#### INFORMATION SUPPLIED

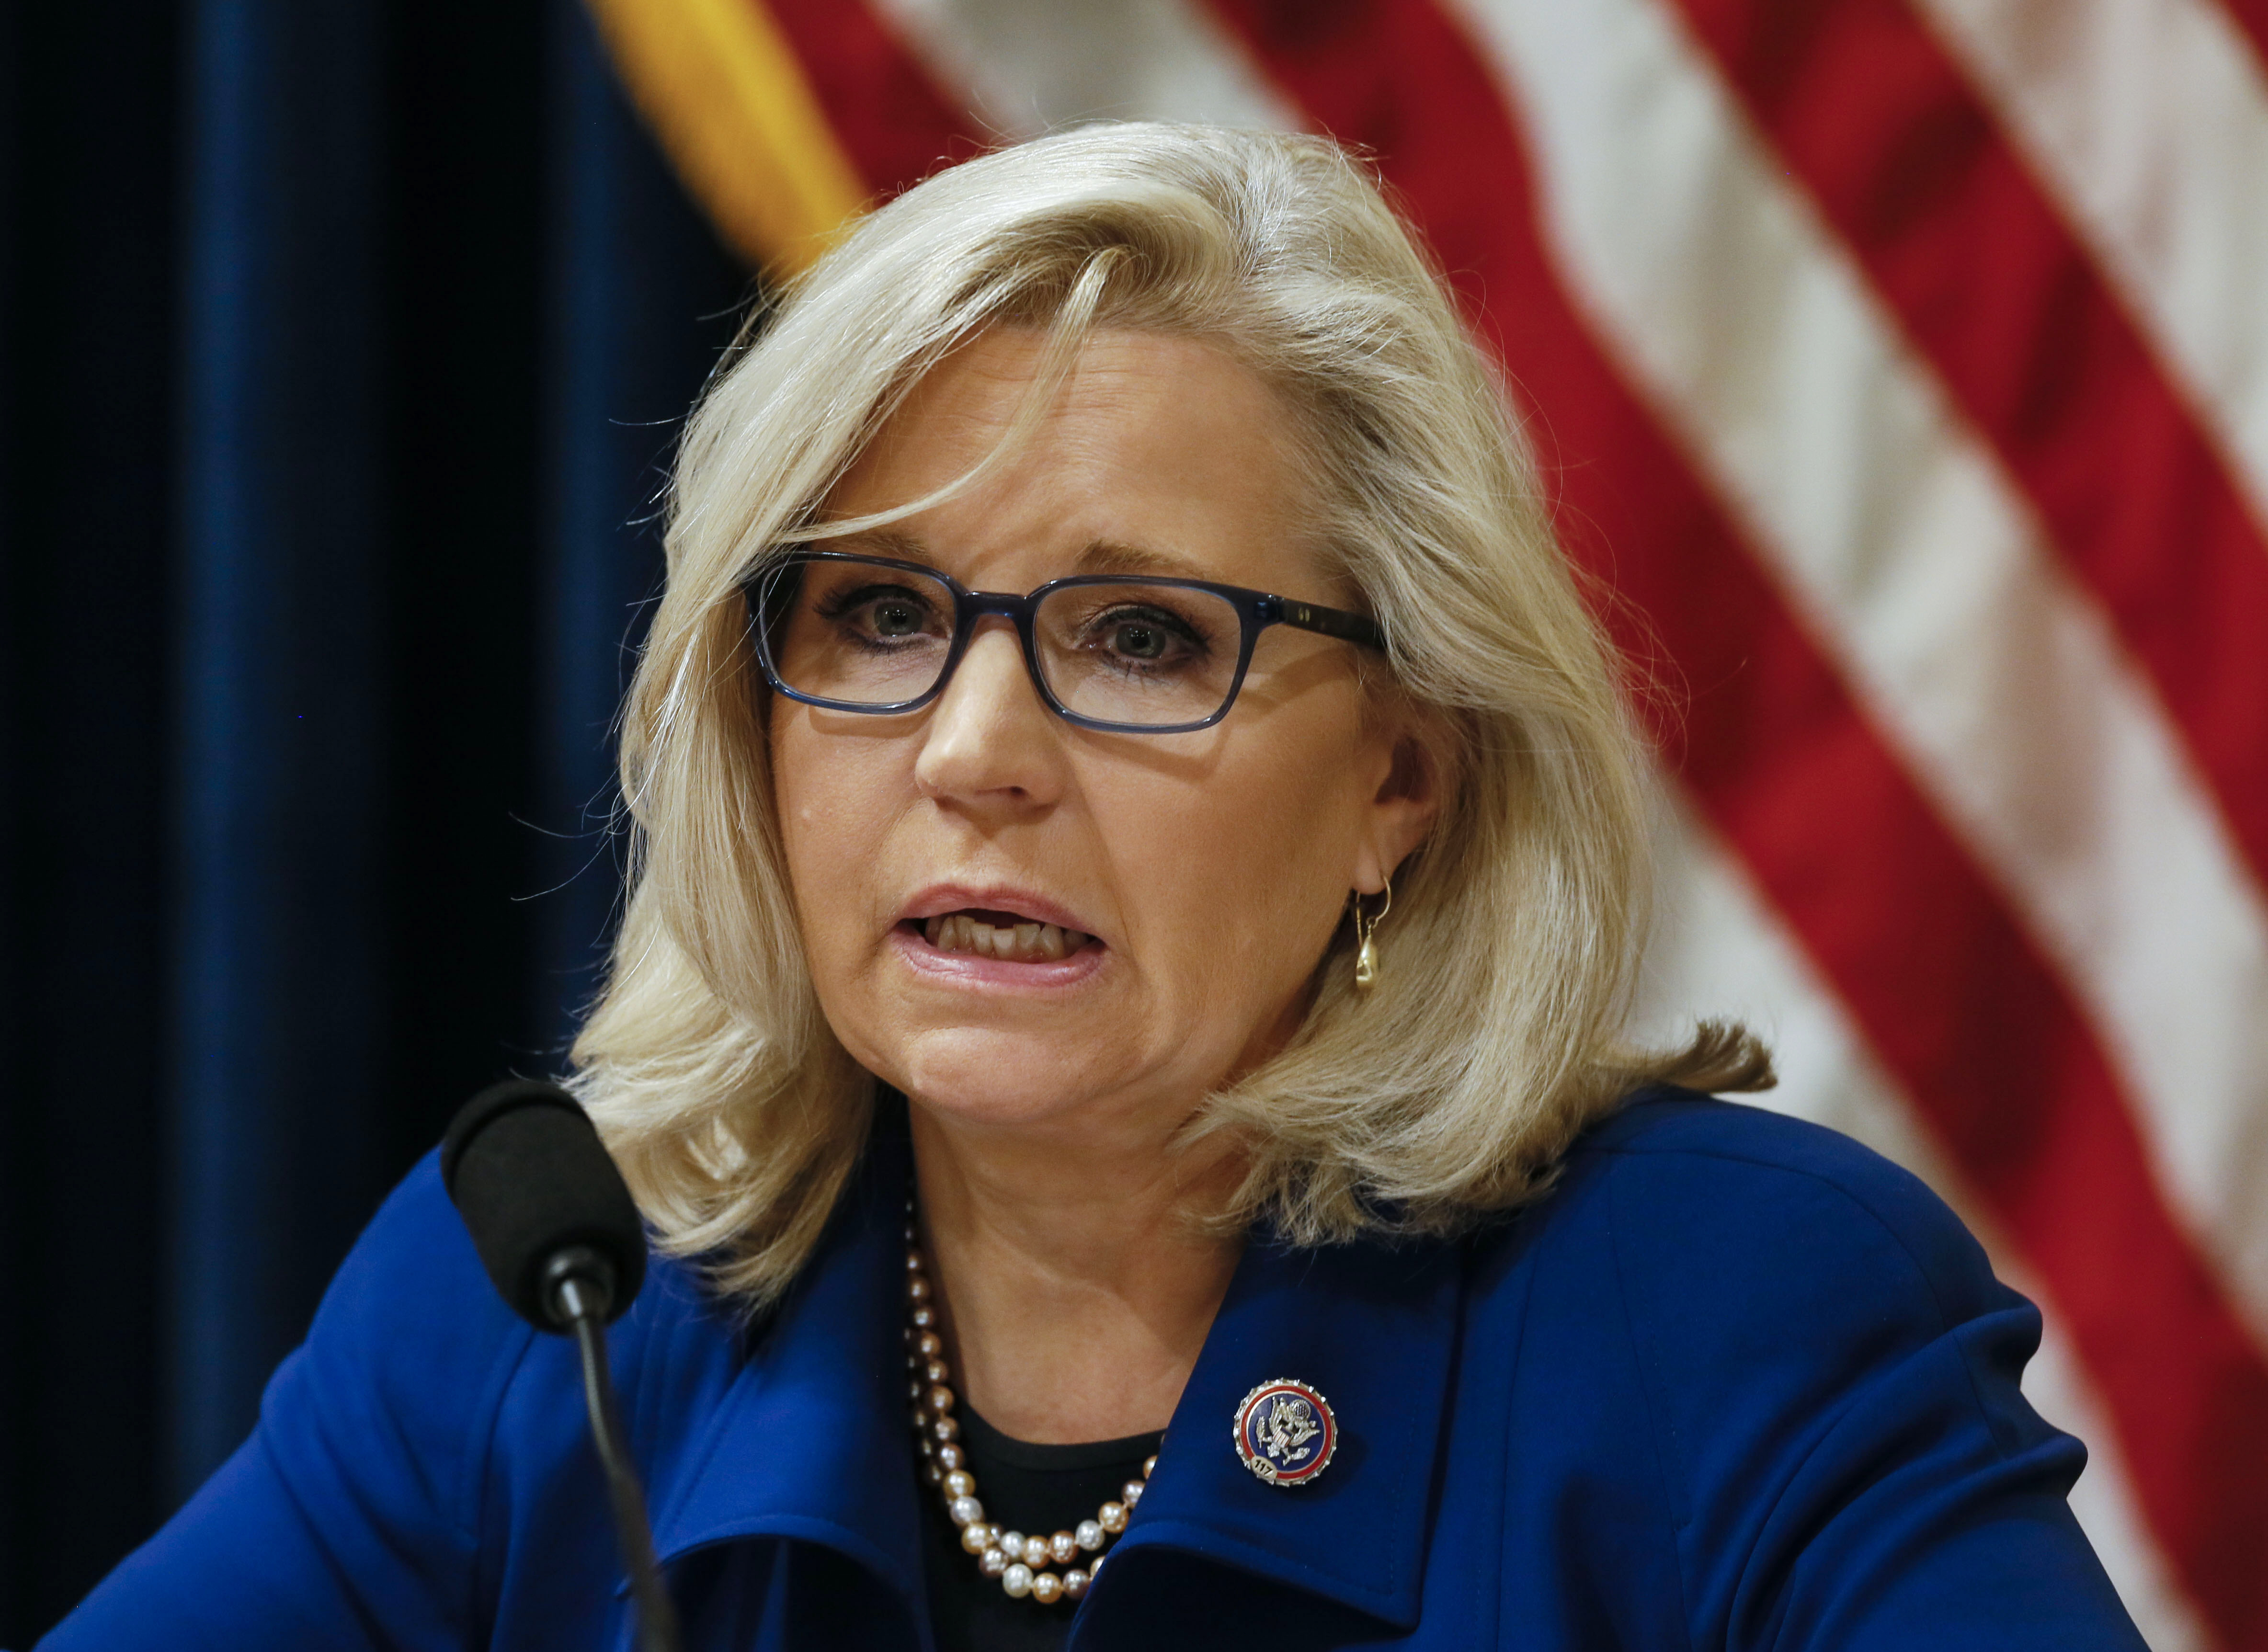 Rep. Liz Cheney (R-Wyo.) on the U.S. Capitol at the Cannon House Building in Washington, D.C. (Photo by Jim Bourg-Pool/Getty Images)
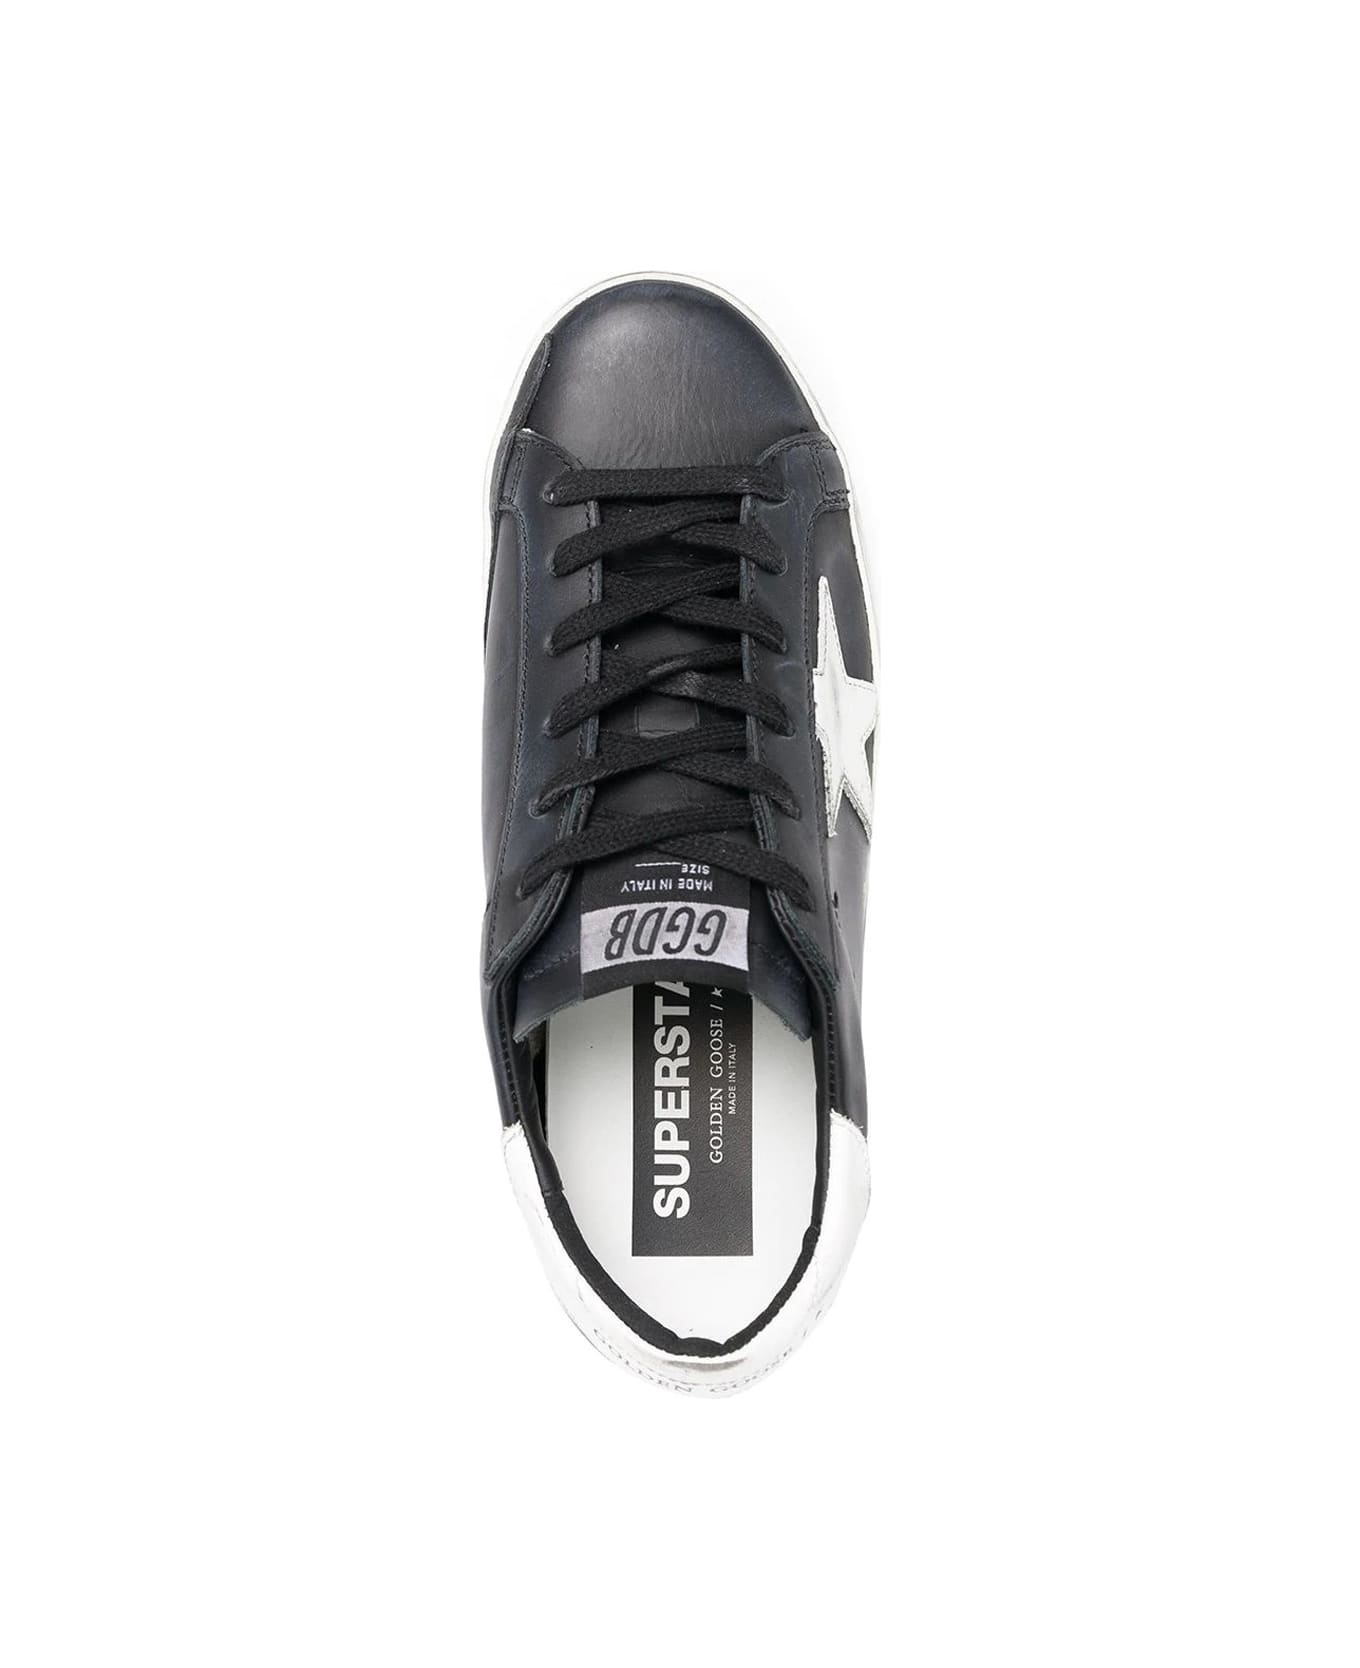 Golden Goose Super-star  Leather Upper Shiny Leather Star And Heel - Black White
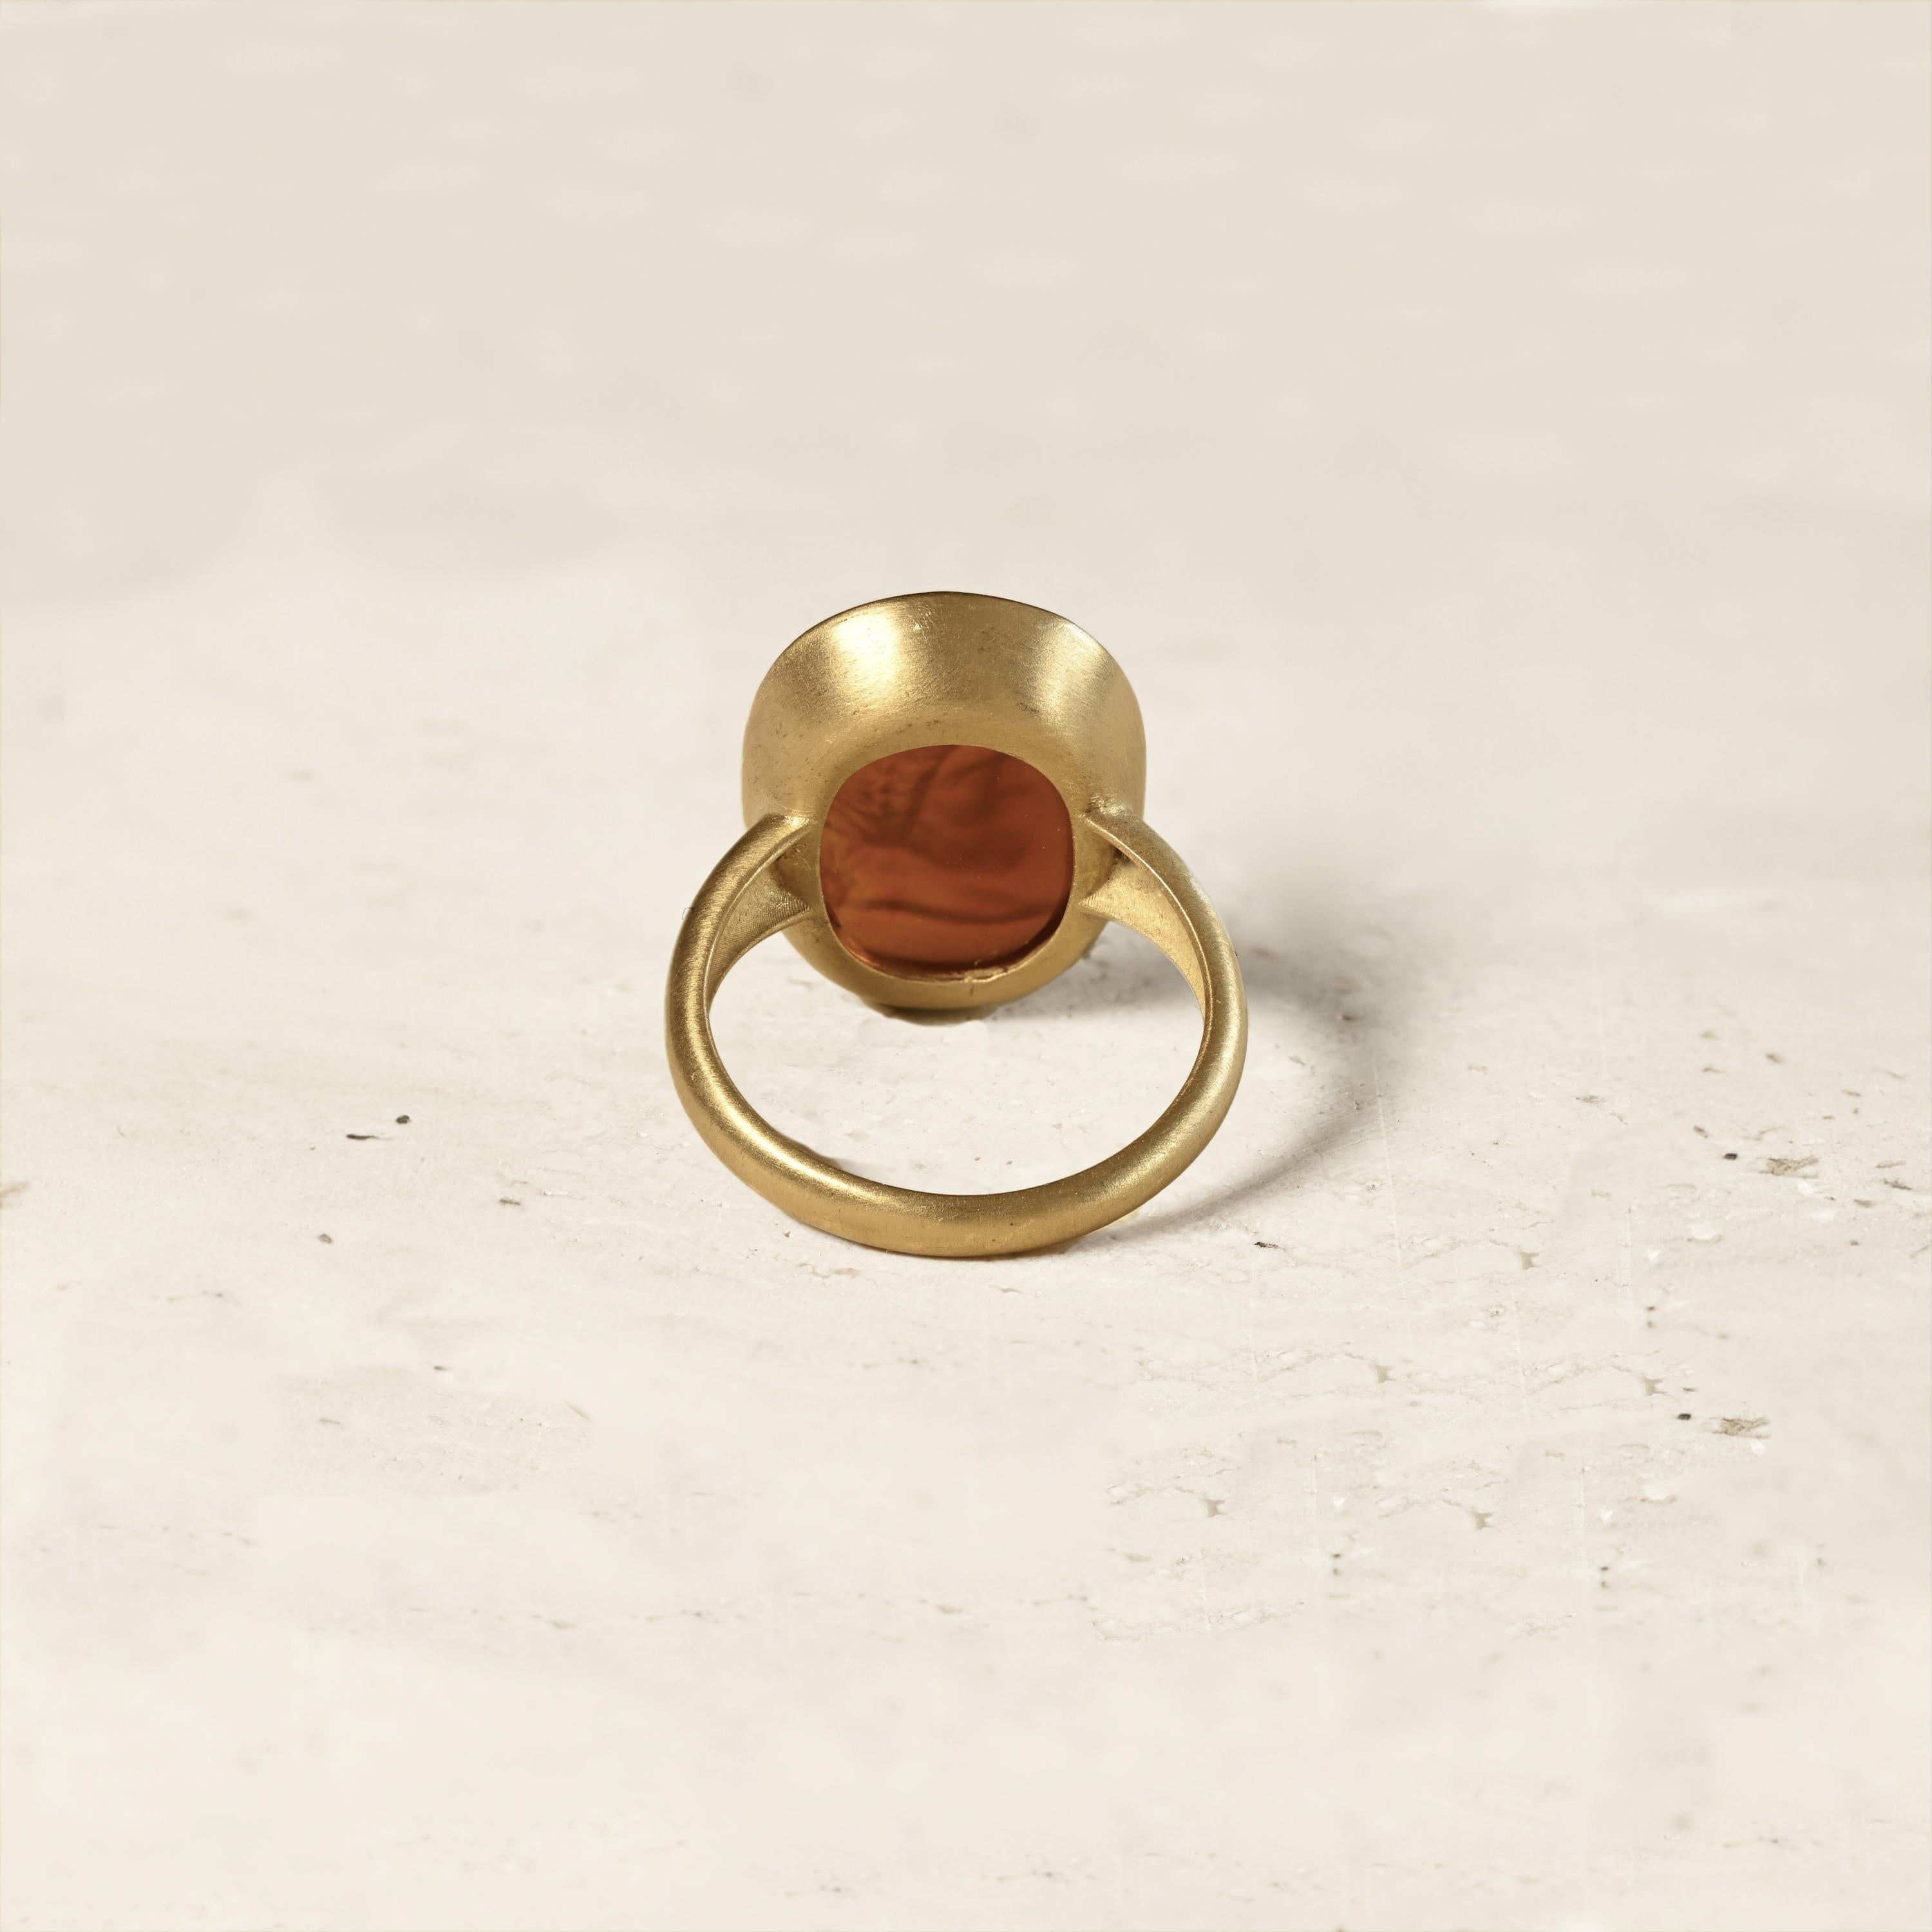 Women's or Men's Authentic Roman Intaglio 1st-2nd century AD 18 kt Gold Ring depicting God Zeus For Sale

########

EXERCISE -
A verbatim transcript of the material above, with images dropped, is the expected output.

ANSWER FOR THE TASK -
 Rep. Liz Cheney (R-Wyo.) on the U.S. Capitol at the Cannon House Building in Washington, D.C. (Photo by Jim Bourg-Pool/Getty Images)
 Golden Goose Super-star  Leather Upper Shiny Leather Star And Heel - Black White
 Women's or Men's Authentic Roman Intaglio 1st-2nd century AD 18 kt Gold Ring depicting God Zeus For Sale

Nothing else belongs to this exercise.